Pengelolaan sampah di lokasi ini berfokus pada pemilahan sampah dari sumber,
pengolahan sampah organik menjadi pupuk kompos berkualitas tinggi, serta daur
ulang sampah anorganik.
Keberhasilan TPS 3R
Baktiseraga tidak terlepas dari peran aktif masyarakat dalam melakukan
pemilahan sampah sejak dari rumah tangga. Selain itu, sistem pengangkutan
sampah di tingkat rumah tangga juga telah diatur dengan baik, dimana pengambilan
sampah organik dan nonorganik dilakukan pada hari yang berbeda sesuai jadwal
yang telah ditetapkan. Apabila sampah tidak dipilah oleh warga, maka pengelola
tidak akan melakukan pengambilan sampah tersebut. Kebijakan ini menjadi bentuk
edukasi sekaligus penegakan disiplin dalam pengelolaan sampah berbasis
masyarakat. Selain itu, TPS 3R ini juga berfungsi sebagai pusat edukasi dan
sering menjadi lokasi studi banding bagi berbagai pihak, serta pernah
mendapatkan kunjungan dari berbagai instansi pusat.
Bagian dari upaya
penguatan kebijakan berbasis data, Badan Riset dan Inovasi Daerah (BRIDA)
Kabupaten Buleleng melaksanakan pendampingan terhadap Tim Penyusun Kajian
Implementasi Gerakan Bali Bersih Sampah Provinsi Bali (GBBS) dalam rangka
pendalaman data dan fakta lapangan. Kegiatan ini dilakukan melalui kunjungan
langsung ke TPS 3R Baktiseraga Bersih sebagai salah satu lokasi percontohan
pengelolaan sampah berbasis masyarakat di Kabupaten Buleleng, Kamis (16/4)
pagi.
Kegiatan survei
lapangan tersebut dilaksanakan oleh Analis Kebijakan Ahli Madya BRIN, Argoposo
C. Nugroho bersama Peneliti BRIN, I Gusti Ngurah Jayanti. Kehadiran tim
disambut langsung oleh pengelola TPS 3R Baktiseraga Bersih yang berada di bawah
pengelolaan Unit Pengelolaan Sampah Badan Usaha Milik Desa (BUMDesa) Desa
Baktiseraga.
Dalam pengelolaannya,
sampah organik seperti sampah dapur dan ranting diolah menjadi pupuk kompos
yang tidak berbau dan memiliki kualitas baik. Proses pengolahan menggunakan
metode Osaki dengan waktu produksi sekitar tiga bulan hingga siap dipasarkan.

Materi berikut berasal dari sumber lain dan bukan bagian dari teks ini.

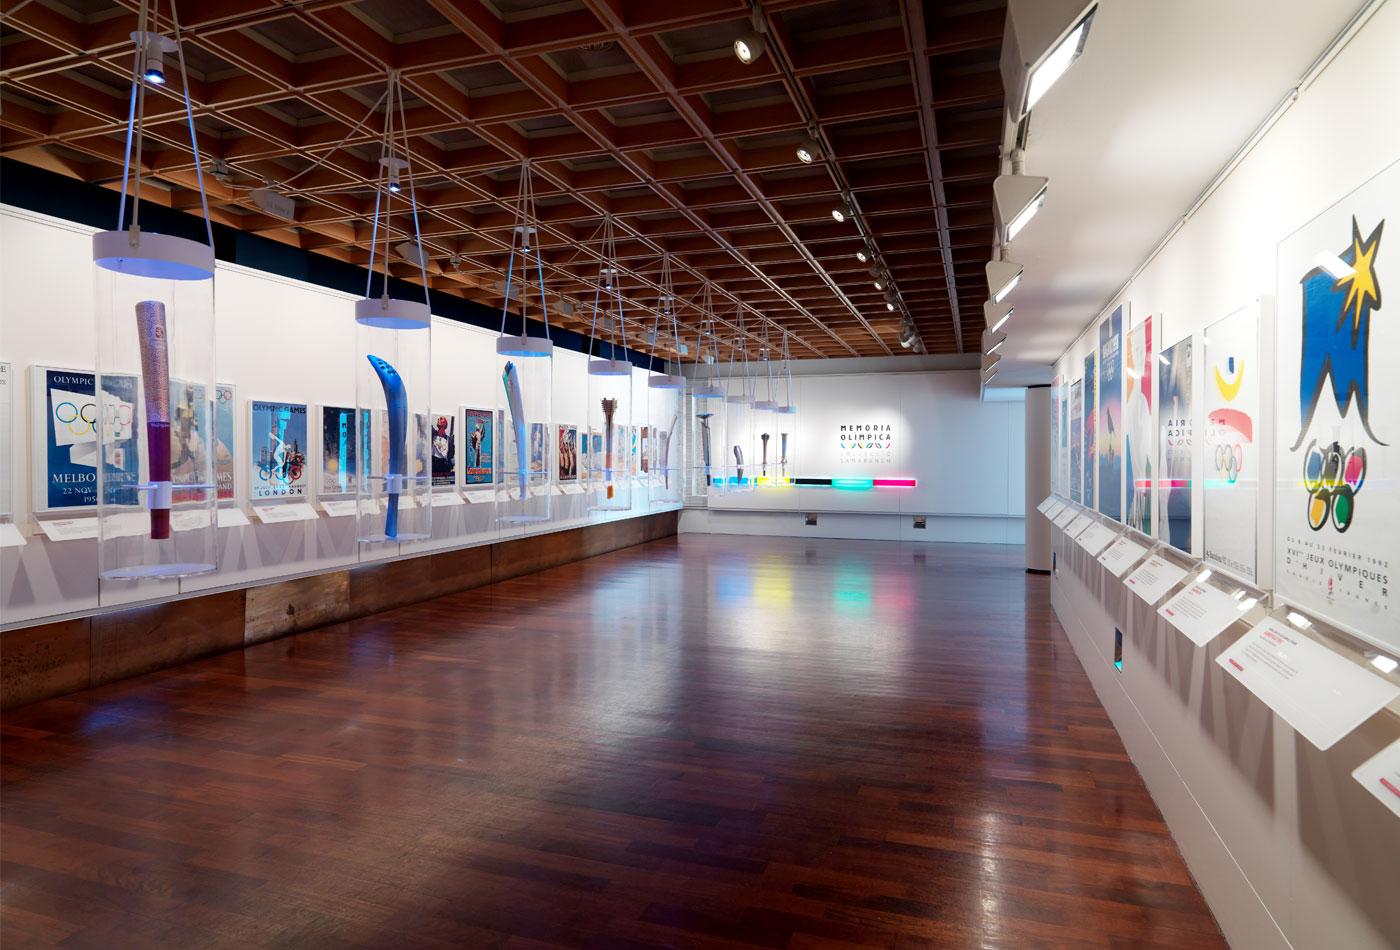 expo-memoria-olimpica-coleccion-samaranch

Produk kompos yang dihasilkan memiliki permintaan yang tinggi dan
didistribusikan secara produktif kepada berbagai pihak, terutama petani lokal
di wilayah Baktiseraga dan sekitarnya.
Selain itu, hasil
olahan juga dimanfaatkan untuk mendukung kegiatan urban farming desa, serta
dipasarkan kepada masyarakat umum melalui sistem pemesanan. Pengelolaan dan
pemasaran produk berada di bawah naungan BUMDes Desa Baktiseraga. Adapun produk
yang dihasilkan meliputi media tanam, pupuk kompos, arang sekam, pupuk cair,
serta pupuk kandang (kohe kambing) dengan harga yang terjangkau.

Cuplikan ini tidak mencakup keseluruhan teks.